Ukraine has been battered with aerial attacks throughout Russia's three-year invasion but deadly strikes on Kyiv, better protected by air defences than other cities, are less common.
The attacks threw more doubt on already fraught US efforts to push Russia and Ukraine to agree to a ceasefire, with Trump having lashed out at Zelensky this week for not being willing to accept Russian occupation of Crimea, annexed by Moscow in 2014.
"We do everything that our partners have proposed, only what contradicts our legislation and the Constitution we cannot do," Zelensky told reporters in South Africa in response to a question about Crimea.
Zelensky also questioned whether Kyiv's allies were themselves doing enough to force Putin to agree to a full and unconditional ceasefire.
"I don't see any strong pressure on Russia or any new sanctions packages against Russia's aggression," Zelensky said, highlighting that Trump had previously warned of repercussions if Moscow did not agree to pause the fighting.
"The strikes must be stopped immediately and unconditionally," Zelensky said, calling Thursday morning's aerial assault "one of the most sophisticated, most brazen" of the entire war.
- 'Pulled out of the rubble' -
Loud blasts sounded over the Ukrainian capital at around 1:00 am (2200 GMT) after air raid sirens rang out across Kyiv, AFP journalists on the ground said.
Russia fired at least 70 missiles and 145 drones at Ukraine between late Wednesday and early Thursday, the main target being Kyiv, the Ukrainian air force said.
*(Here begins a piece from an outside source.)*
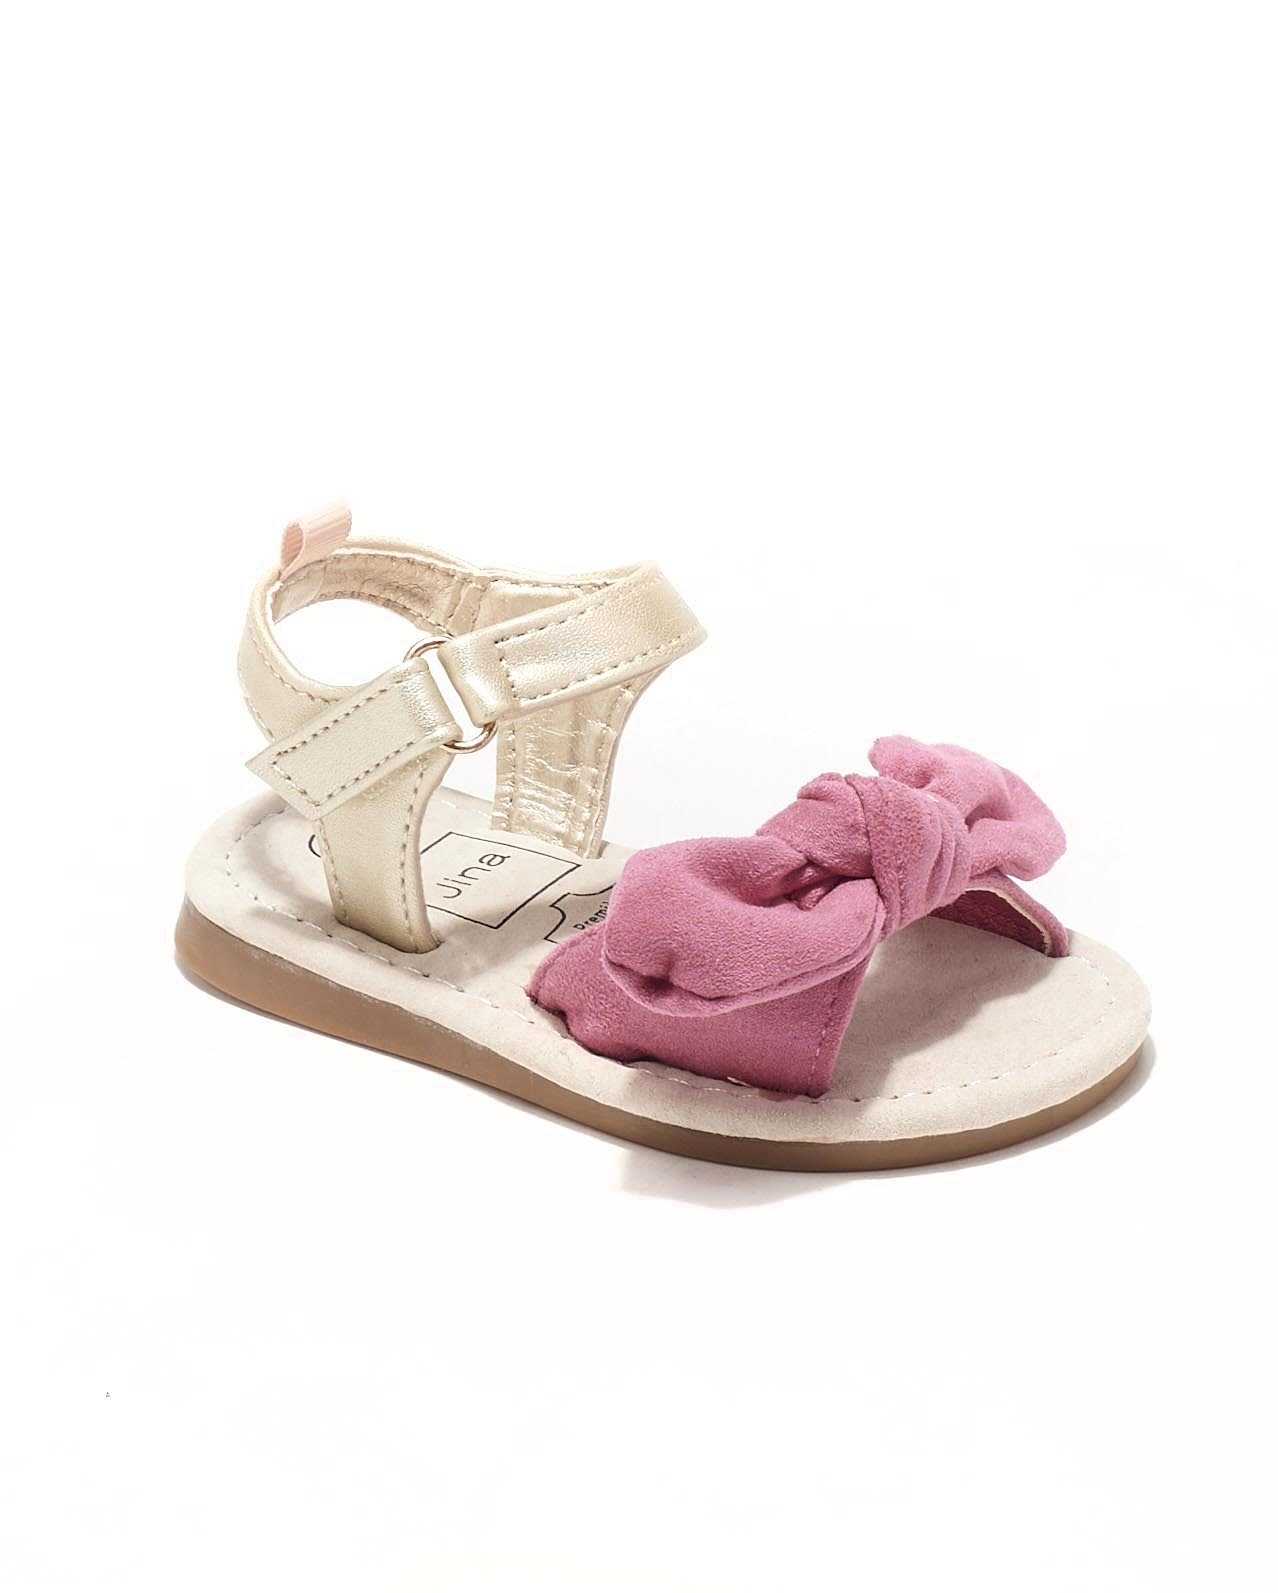 Sandales Bébé Fille - Sandale Ouverte Fuschia Jina - Chickita Baby Style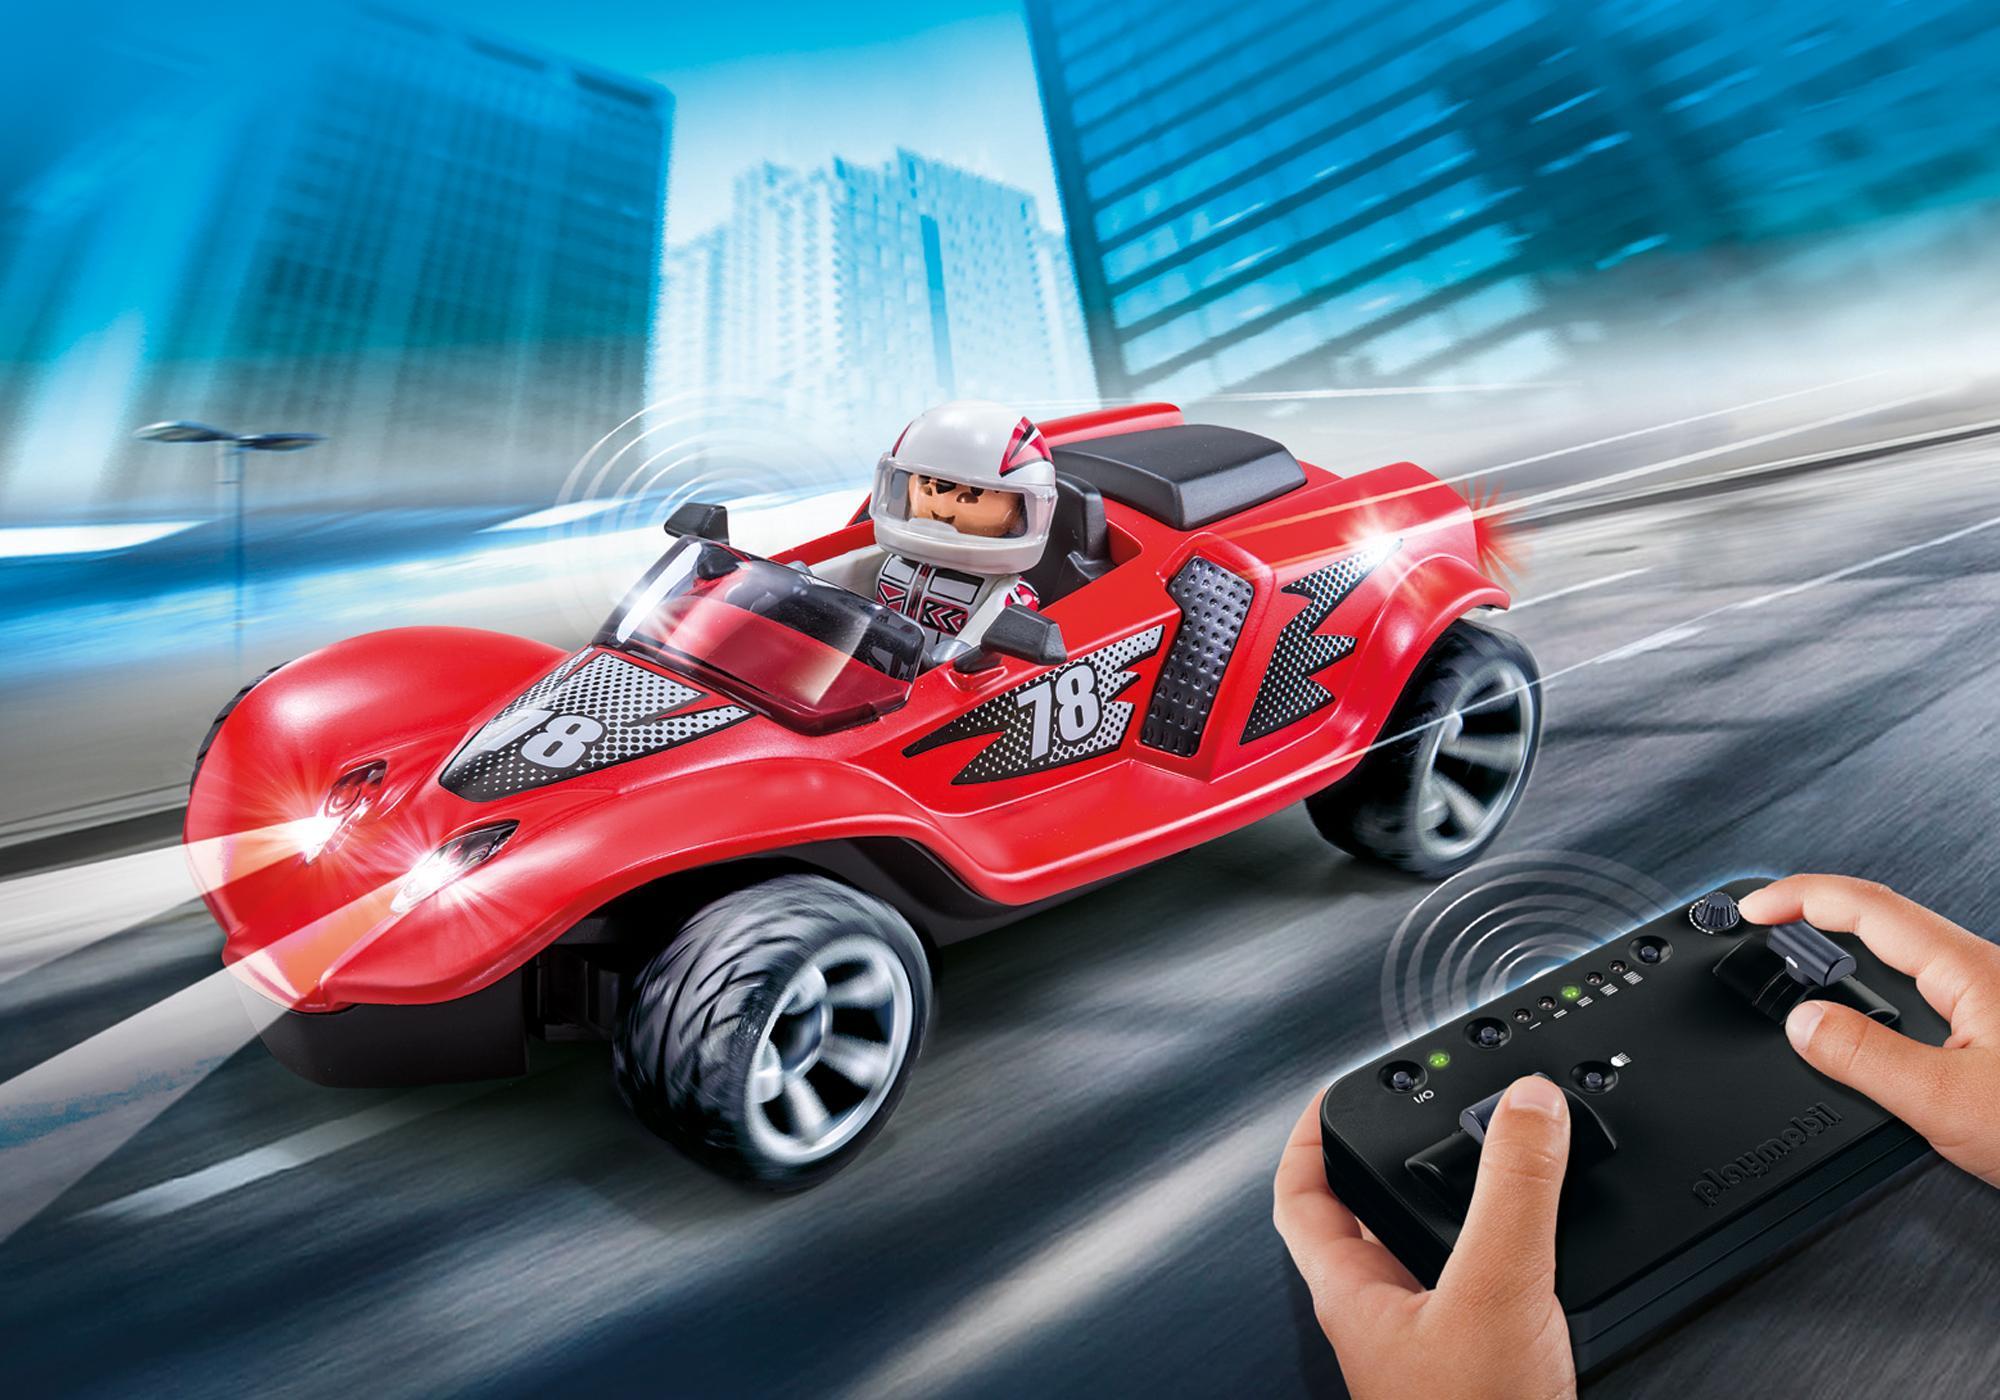 http://media.playmobil.com/i/playmobil/9090_product_detail/Racer Rocket RC

Rescuers on Thursday afternoon said 10 people were killed and 90 injured.
Russia said it had targeted Ukraine's defence industry, including plants that produced "rocket fuel and gunpowder".
Olena Davydiuk, a 33-year-old lawyer in Kyiv, told AFP she saw windows breaking and doors "falling out of their hinges" during the barrage.
"People were being pulled out of the rubble. They said that there were dead people there too," she added.
- Crimea -
In the Sviatoshinsky district in the west of Kyiv, an AFP journalist saw a body bag with one of the victims lain out on a strip of grass.
A woman sat on a small folded-out chair stroking the arm of another person killed in the attack, the body covered in a striped blue sheet.
Moscow's army has launched some of its most deadly aerial strikes at Ukraine over the last month -- defying Trump's push to bring about a rapid end to the bloodshed.
A ballistic missile strike on the centre of northeastern city of Sumy killed at least 35 on April 13.
And an attack on Zelensky's home town of Kryvyi Rig in early April killed at least 19 -- including nine children after a missile slammed into a residential area near a children's playground.
Trump had on Wednesday accused Zelensky of frustrating peace efforts by ruling out recognising Russia's claim over Crimea, a territory the US president said was "lost years ago".
Russia annexed the Black Sea peninsula in 2014 and then backed rebels in eastern Ukraine.
Asked about Trump's comments the Kyiv had "lost" Crimea, Kremlin spokesman Dmitry Peskov told reporters on Thursday: "This completely corresponds with our understanding, which we have been saying for a long time."